In response to growing concerns about data security and cyber threats within its borders, China has introduced a comprehensive four-tier classification system to effectively address and manage data security incidents. The move reflects Beijing’s increasing apprehension over large-scale data leaks and cyber attacks, especially against the backdrop of heightened geopolitical tensions with the United States and its allies.
Detailed Draft Plan Unveiled by Ministry of Industry and Information Technology
China’s Ministry of Industry and Information Technology (MIIT) recently unveiled a detailed draft plan, currently open for public input, outlining how local governments and companies should assess and respond to data security incidents. The plan introduces a four-tier, color-coded system that categorizes incidents based on the severity of harm inflicted on national security, a company’s online and information network, or the overall economy.
According to the proposed classification, incidents causing losses exceeding 1 billion yuan ($141 million) and impacting the personal information of over 100 million people, or “sensitive” information of over 10 million people, will be classified as “especially grave.” In such cases, a red warning must be issued.
Immediate Response Mandates and Stricter Reporting Protocols
The plan outlines specific mandates for responding to incidents flagged with red and orange warnings. In such cases, involved companies and relevant local regulatory authorities are required to establish a 24-hour work rota to promptly address the incident. Additionally, MIIT must be notified of the data breach within ten minutes of its occurrence, accompanied by other prescribed measures.

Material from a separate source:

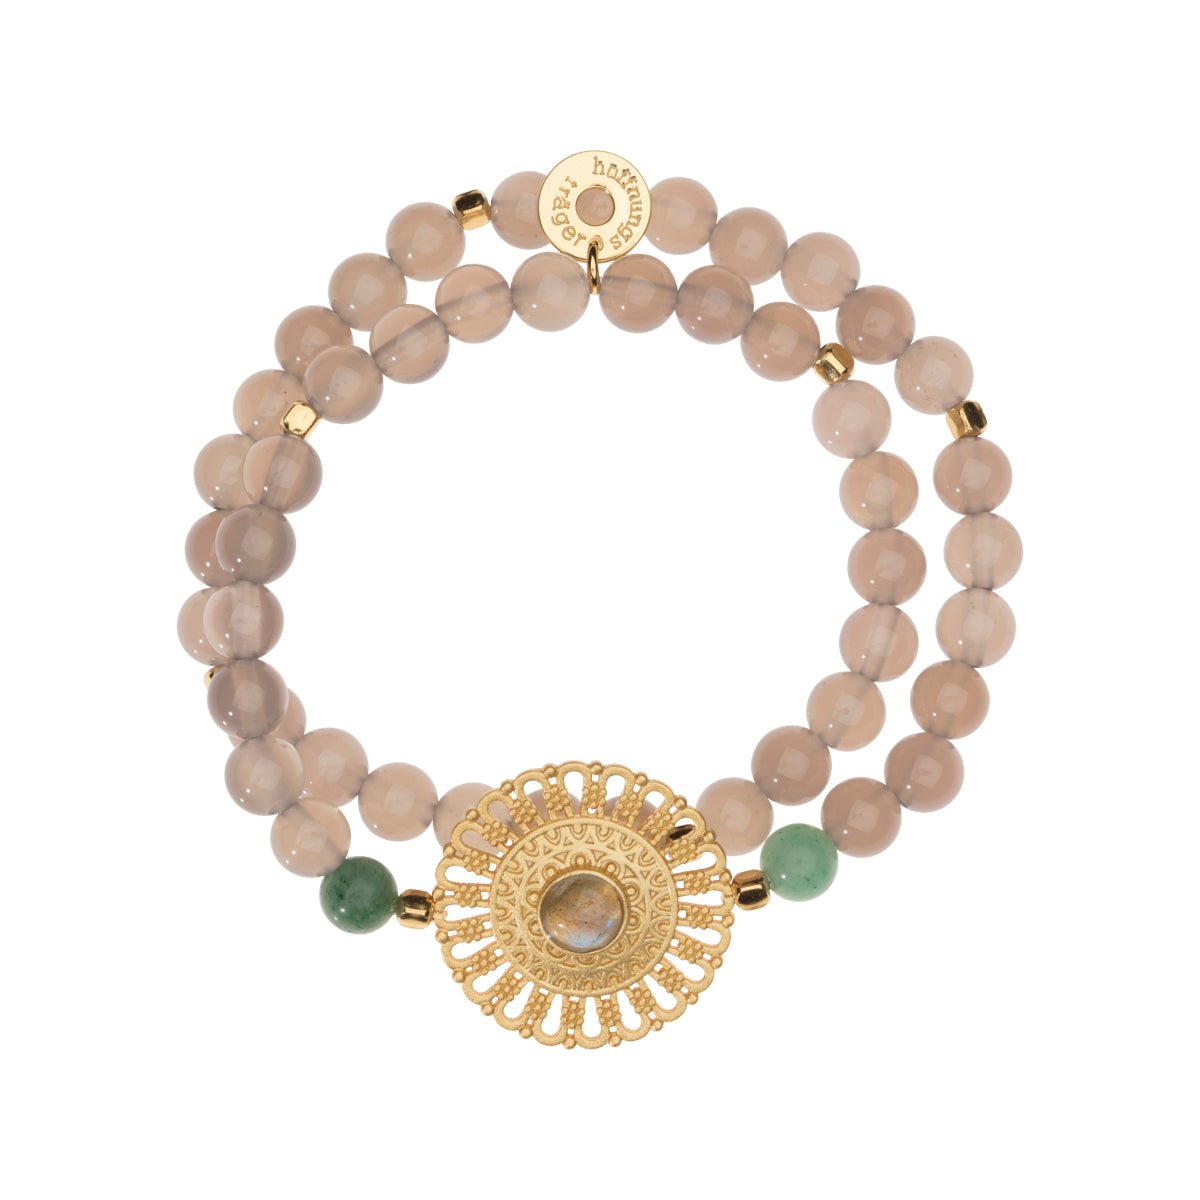 Doppelreihiges Edelstein Armband mit goldenem Mandala, Achat Perlen und Labradorit Heilstein.

The MIIT emphasized the gravity of the situation, stating, “If the incident is judged to be grave, it should be immediately reported to the local industry regulatory department; no late reporting, false reporting, concealment, or omission of reporting is allowed.”
So What’s Next?
China’s proactive step in proposing this data security classification system comes in the wake of a significant incident last year, during which a hacker claimed to have obtained a vast amount of personal information on one billion Chinese citizens from the Shanghai police. The geopolitical landscape, marked by tensions with the United States and its allies, has further fueled China’s commitment to safeguarding its digital infrastructure.
As the draft plan awaits public feedback, it reflects China’s recognition of the need for a robust response mechanism to protect against cyber threats and data breaches. The stringent measures outlined in the proposed system underscore China’s determination to ensure data security and safeguard sensitive information in an era where digital vulnerabilities pose significant challenges.